Abstract
This study aimed to evaluate the relationship between serum transforming growth factor-β1 (TGF-β1) concentration and atrial fibrosis and to determine whether plasma TGF-β1 concentration is an independent predictor of atrial fibrillation (AF) recurrence after catheter ablation.
We included 98 consecutive patients who underwent catheter ablation, including 38 with paroxysmal AF (AF group) and 60 with paroxysmal supraventricular tachycardia (control group). We compared their preablation serum concentration of biomarkers and clinical and echocardiographic findings.
Serum TGF-β1 concentrations, type-III procollagen N-terminal peptides (PIIINP), type-IV procollagen (IV-C), and laminin (LN) were significantly higher in the AF group than in the control group; however, there was no correlation between their concentrations and left atrial diameter (LAD). The area of the low-voltage zone positively correlated with TGF-β1 and PIIINP concentrations, but not with LAD. Atrial tachyarrhythmia (AF and AFL/AT) recurrence was observed in 15 patients (39.4%) at mean 241.4 ± 68.5 days of follow-up 12 months after ablation. Regression analysis revealed that TGF-β1 was a major risk factor for AF recurrence (odds ratio, 1.14; 95% confidence interval, 1.11–1.17; P = .02).
Serum TGF-β1 concentration is an independent predictor of AF recurrence in patients with paroxysmal AF and may help identify patients likely to have better outcomes after catheter ablation.

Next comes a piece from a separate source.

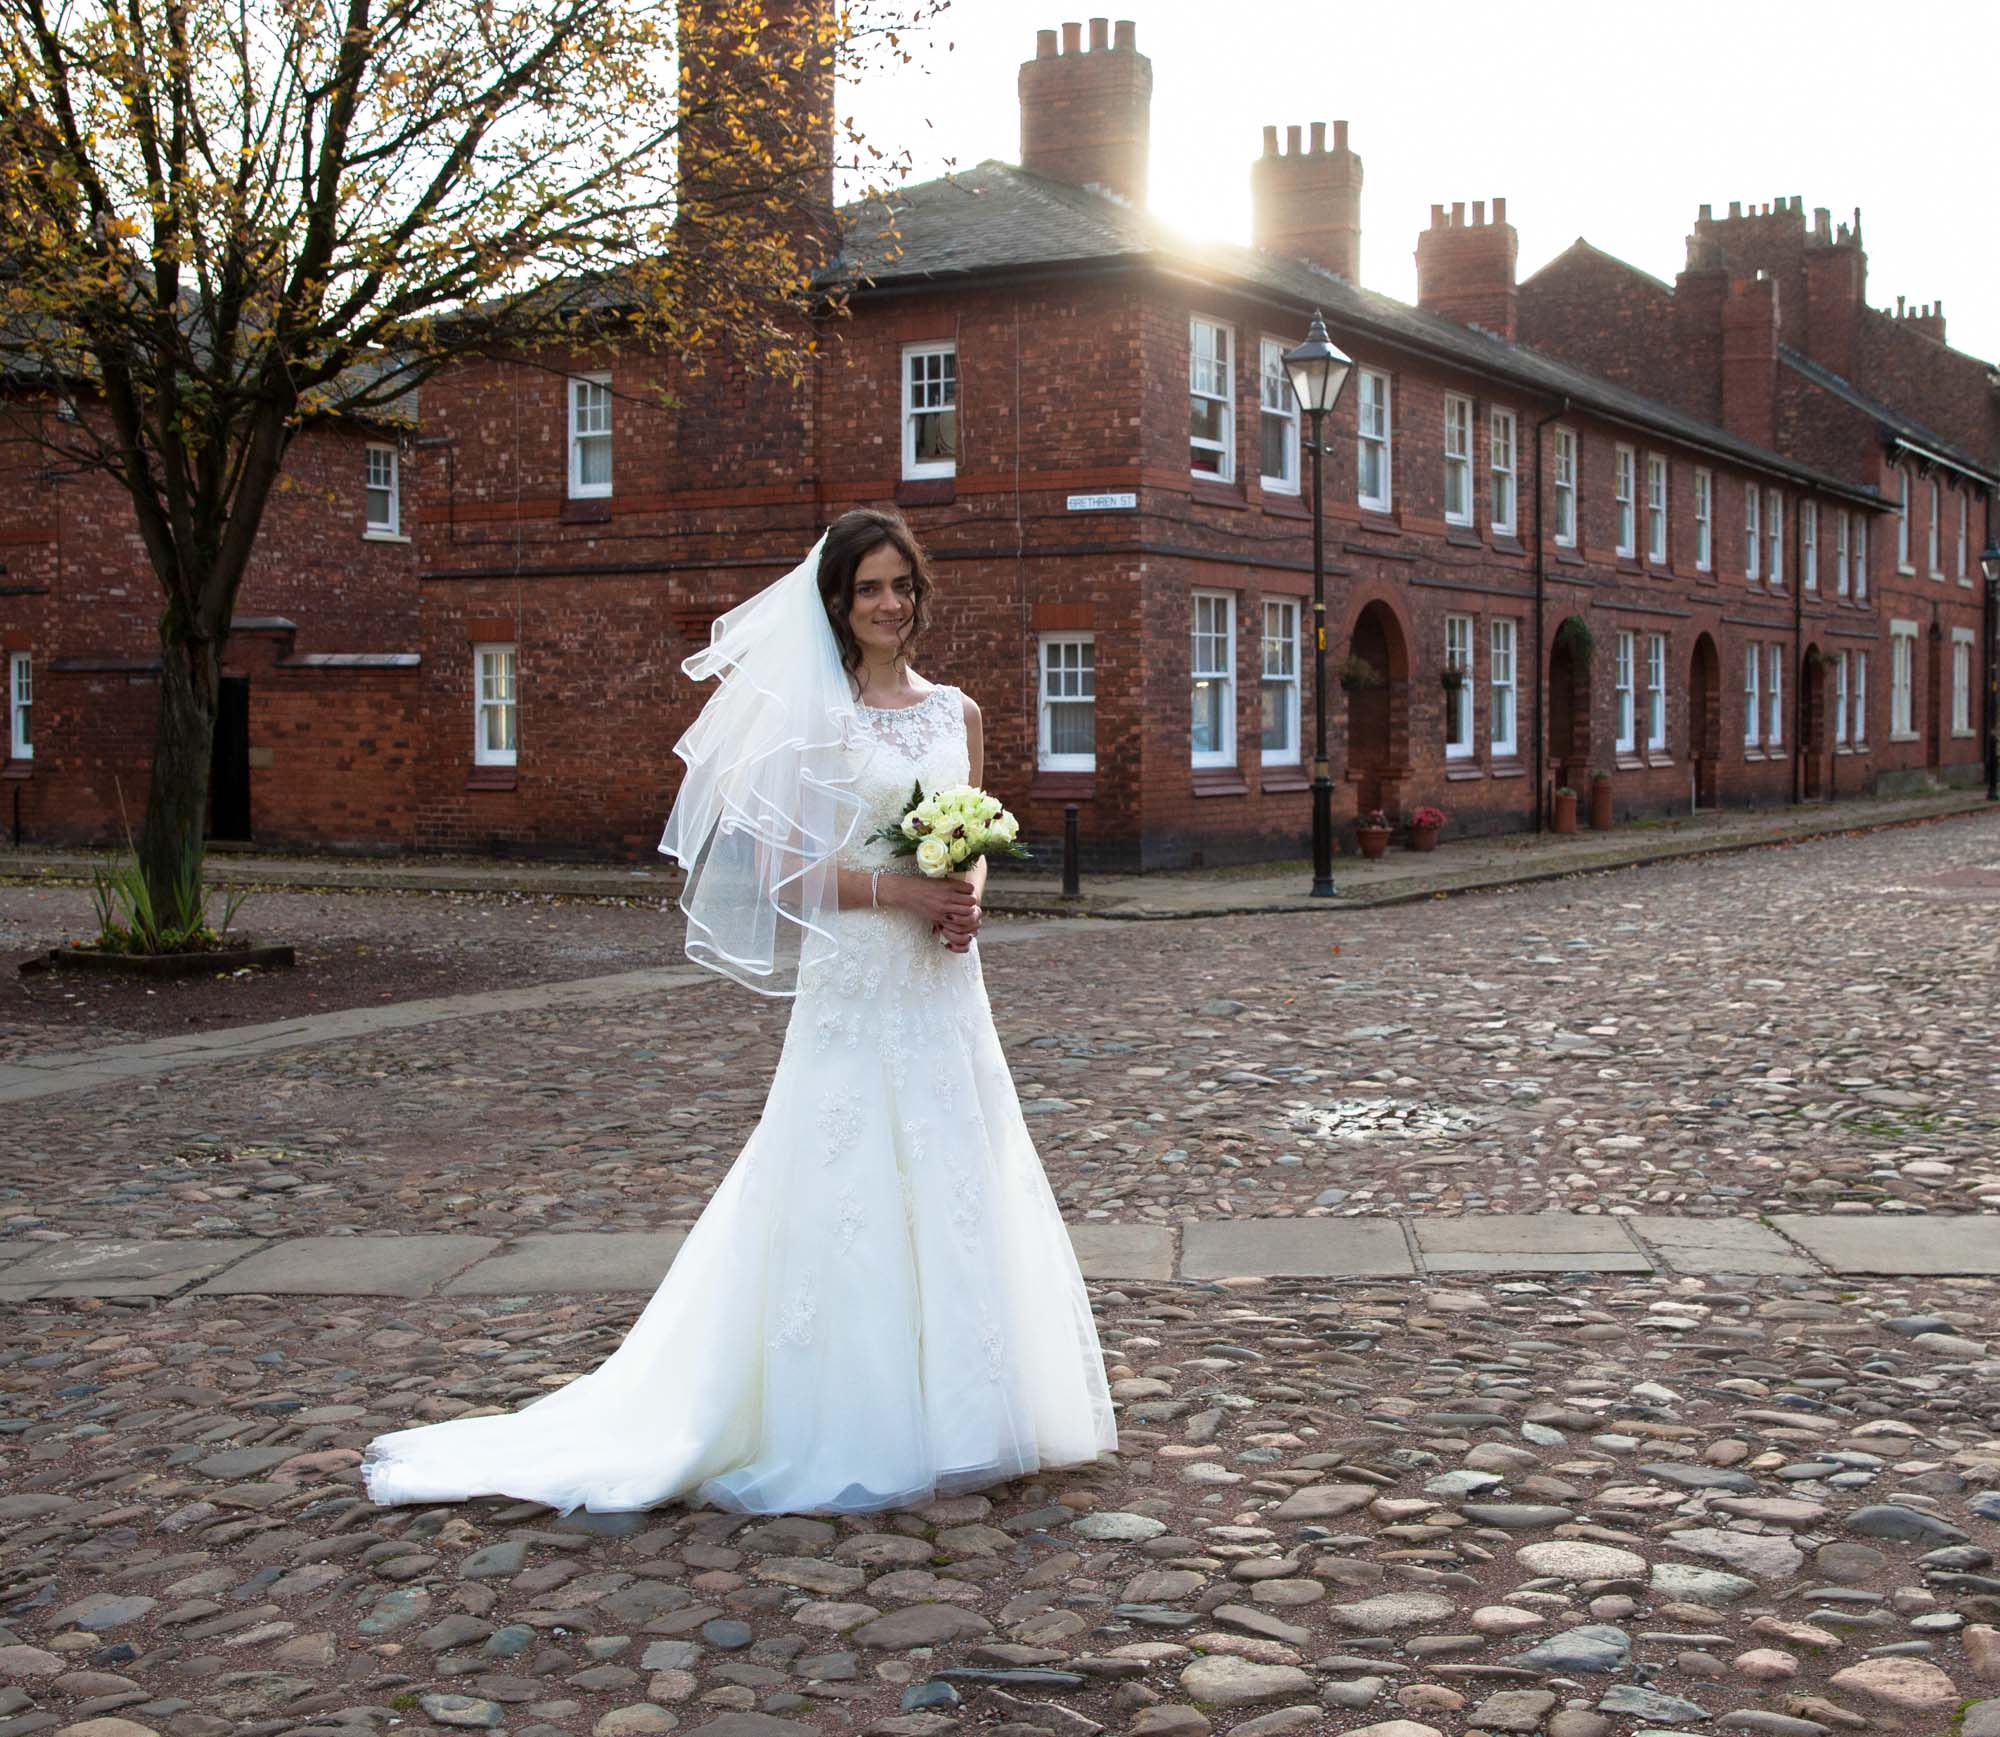 weddings-couples-love-photographer-oxford-london-jonathan-self-photography-58.jpg

Keywords: atrial fibrillation, atrial fibrosis, recurrence, transforming growth factor-β1
1. Introduction
Atrial fibrosis is associated with the electrophysiologic and structural remodeling of atrial tissue; moreover, it is involved in atrial fibrillation (AF) development.[1] Although electrical remodeling can be fully restored several weeks after AF recovery to sinus rhythm, structural remodeling rarely returns to normal and can easily lead to recurrence of AF.[1–3] These findings suggest that compared with electrical remodeling, atrial structural remodeling may play a more critical role in AF recurrence and persistence.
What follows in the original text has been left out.